I drank the Linn koolaid for years. I built a state of the art LP 12
with a keel, Radikal, Cirkus bearing. Then upgraded the Ekos Se to an Audio Origami PU 7 tonearm and finally a Tangerine Audio Stiletto solid aluminum plinth and skorpion base plate. This set up is as good as the LP 12 can get and noticibly better than a stock LP12.
But.......
It is still a wonky design quite antiquated relying on three crappy springs fighting against each other. The LP12 requires periodic adjustments as the sprung suspension behaves differently depending on atmospheric conditions, tonerarm cable flexibility and tension. Even trained Linn techs have to fidget with these things.
After all the money spent (over 16K) there are many superior reference tables that do everything that an Lp12 does lght years better. I know this is true as I have a Spiral Groove and a Tw Acustic each for comparable money and they blow away the LP12.

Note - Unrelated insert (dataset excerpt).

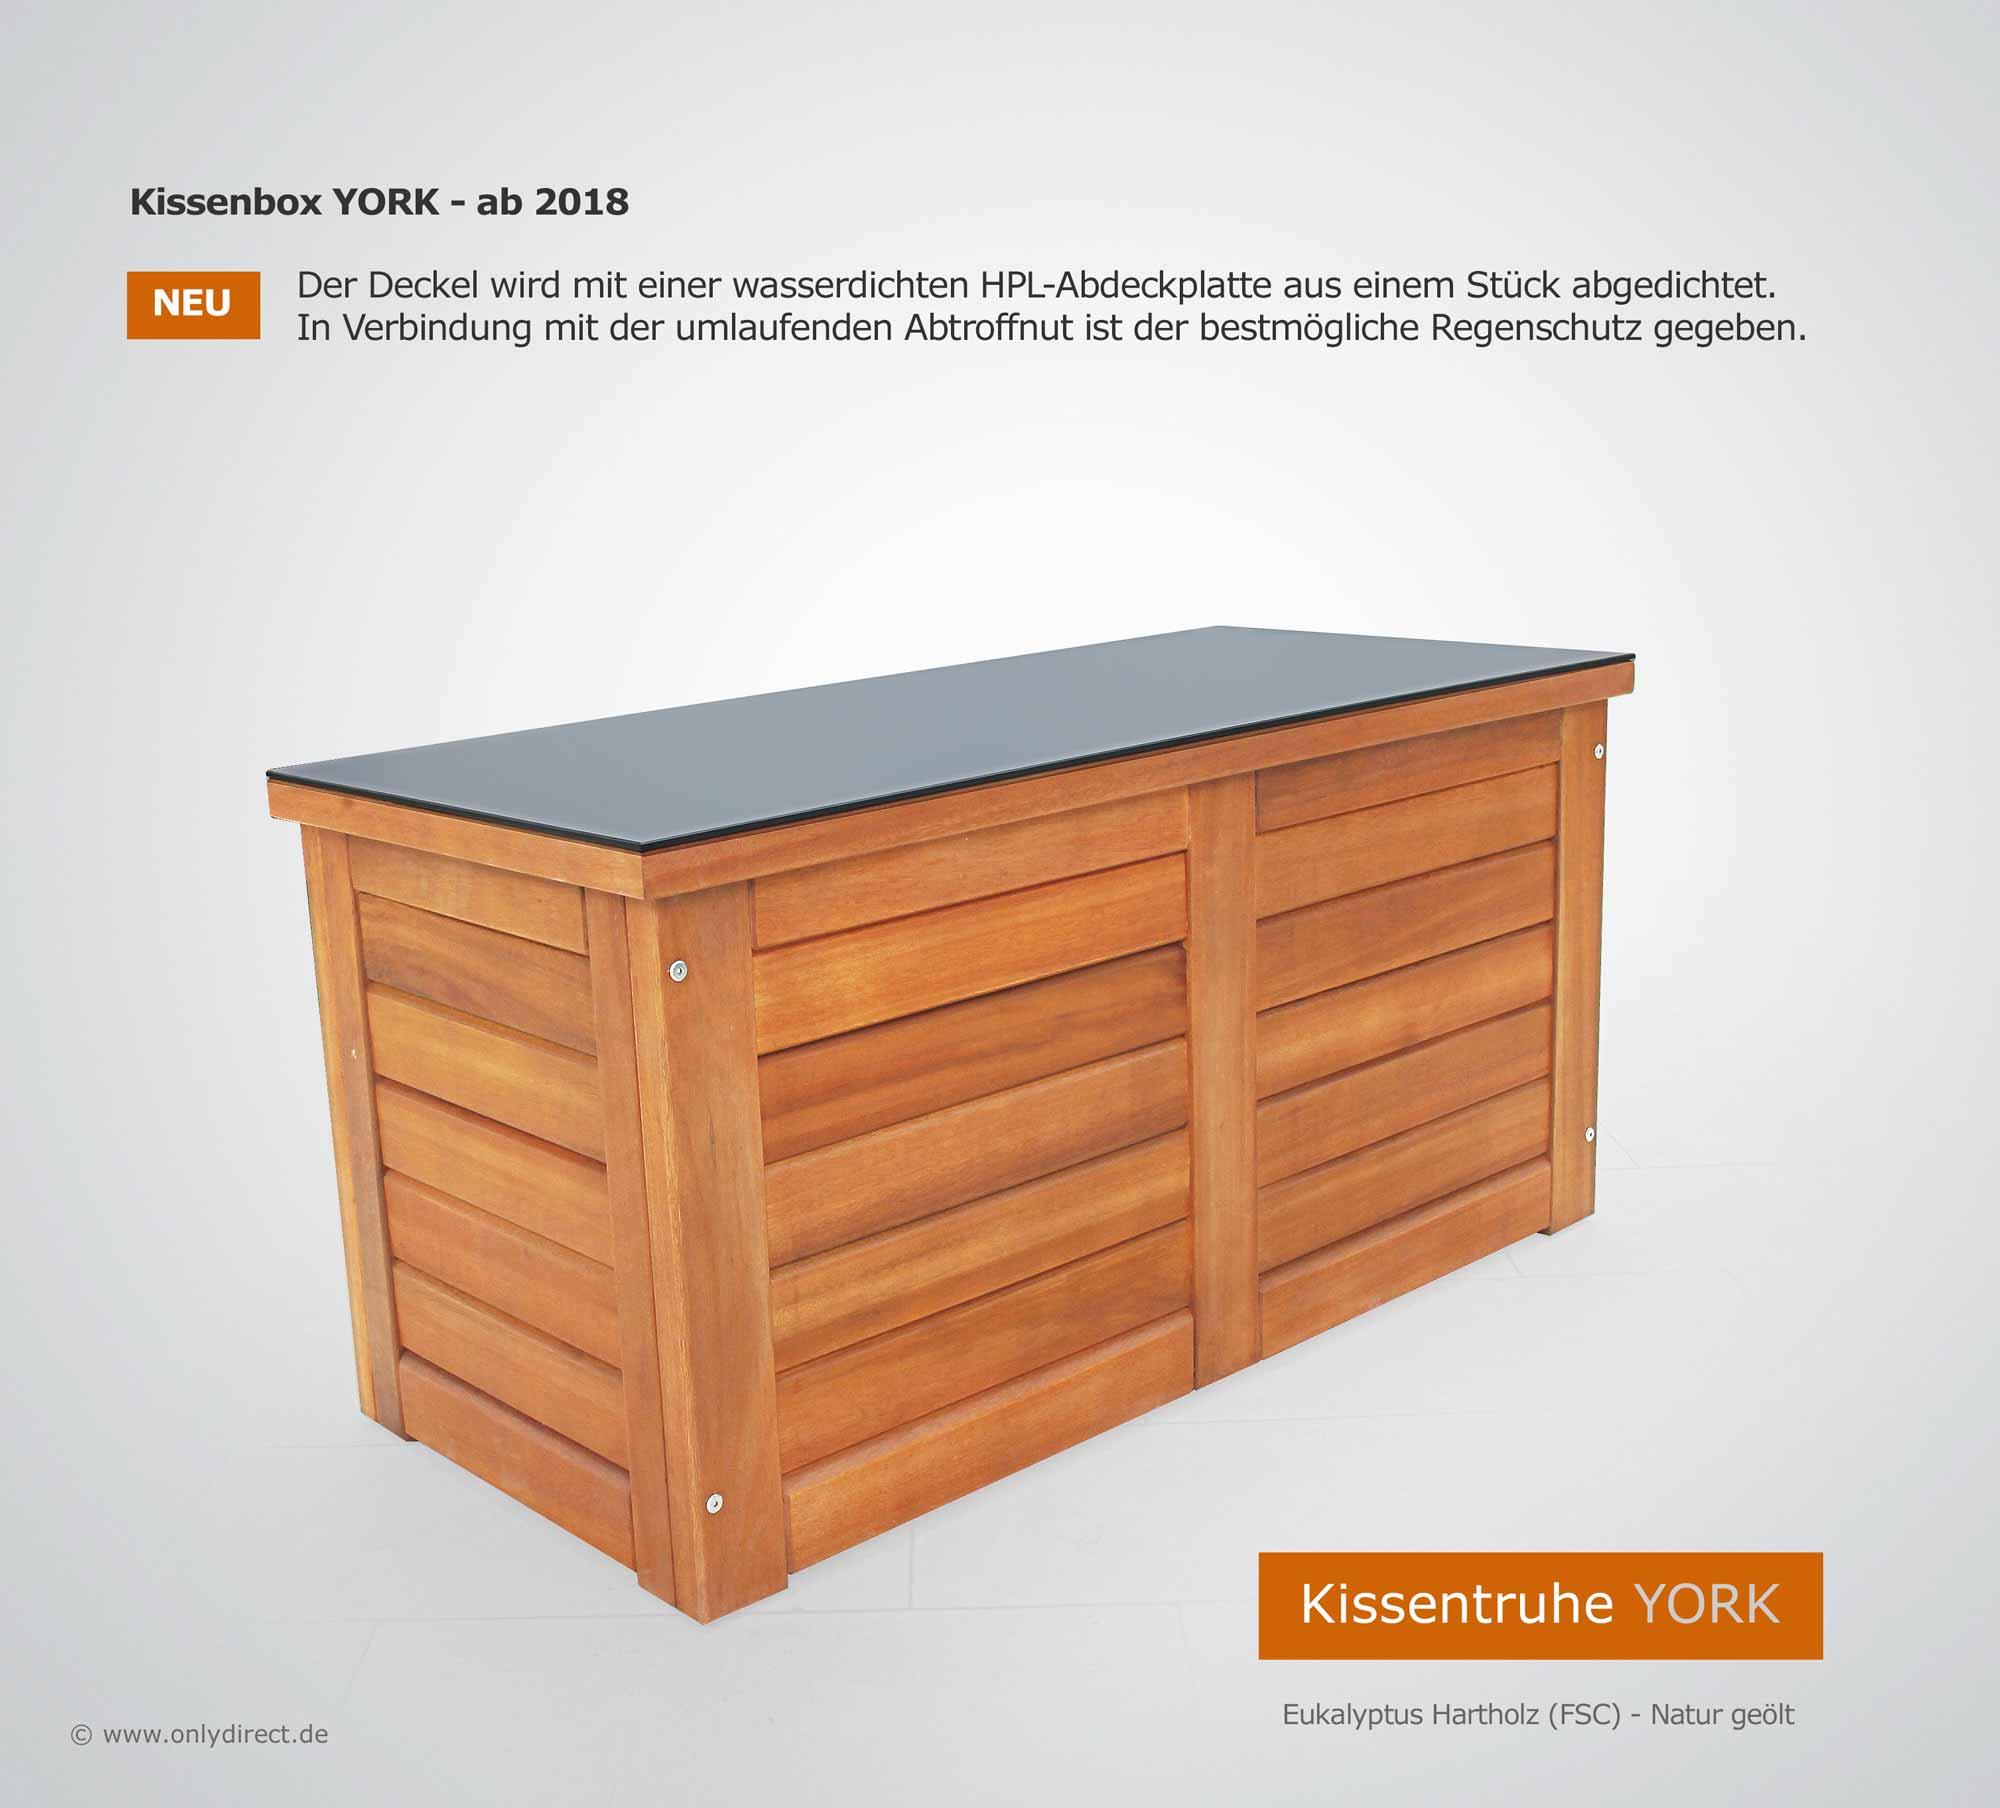 friesenbank shop premium auflagenbox gartenbox holz kissenbox box f r kissen. Black Bedroom Furniture Sets. Home Design Ideas

I know this is way behind but I do not post much. Try out the tripping the linn lp12 Fantasic site and you will see where these can go! I have  measurable improvements in bass and midrange with oscilloscope  readings!!!!   
Nobody has mentioned price.With the $3K cart the Linn system is $10K so it ain't cheap.Again I mentioned that I have a Linn as a second deck which I keep saying I am going to sell but don't.Just not sure of I want to invest in upgrades when other decks like VPI,Blue Note,and otehrs exist.But one urban myth is you have to adjustthem every second play.Even though more susceptible to losing there setting because of being sprung once perolerly set up they do hold the setting for a while.Maybe not like a SME10 but there is a tade off for how you set up the suspension hard onmes will give hard maybe faster paced sound sprung ones have there virtures as well.
Chazz
Chazzbo
Thanks for all the responses guys, looks like i touched on an interesting topic!

Right now i have sold the Ariston and am using the TD 160 (slight mods) with a Shure v15 III........and i find it hard to believe that for around $1200 i will get a worthy performance gain......Is it possible the Linn is over rated?

I like the Shure over the Grado red, although the grado is a little quieter but less dynamic.

I wish i could put my turntable up against a Linn just to see the difference.
Sorry folks! Thats the result of being tripped out at 1 am still listening but half sleepy. Just to add, I come from a diy background and do appreciate the technical aspects and quality of design/materials used in constructing a good TT. IMHO, the expensive newer linn is using expensive power supplies to "improve" a mediocre toy motor and lightweight platter. The very fact that the newer linns do not have the old bloated bass and colorations implies the defects of the original design - which surprise me why no agoners commented on the "commercially driven recommendation" partnering of linns with "fast" amps like the naims. Again another "solution" to an inherent shortcoming. I got an old garrard 301 and transferred over in the linn arm - despite a bit rough, blew the linn away in attack and authority. Do have fun looking at idler drives. cheers
Hello Dcc, We can hear you just fine. FYI, the 'caps lock' key is located at your left, just above the 'shift' key. Just tap on it once. Then type away. Cheers!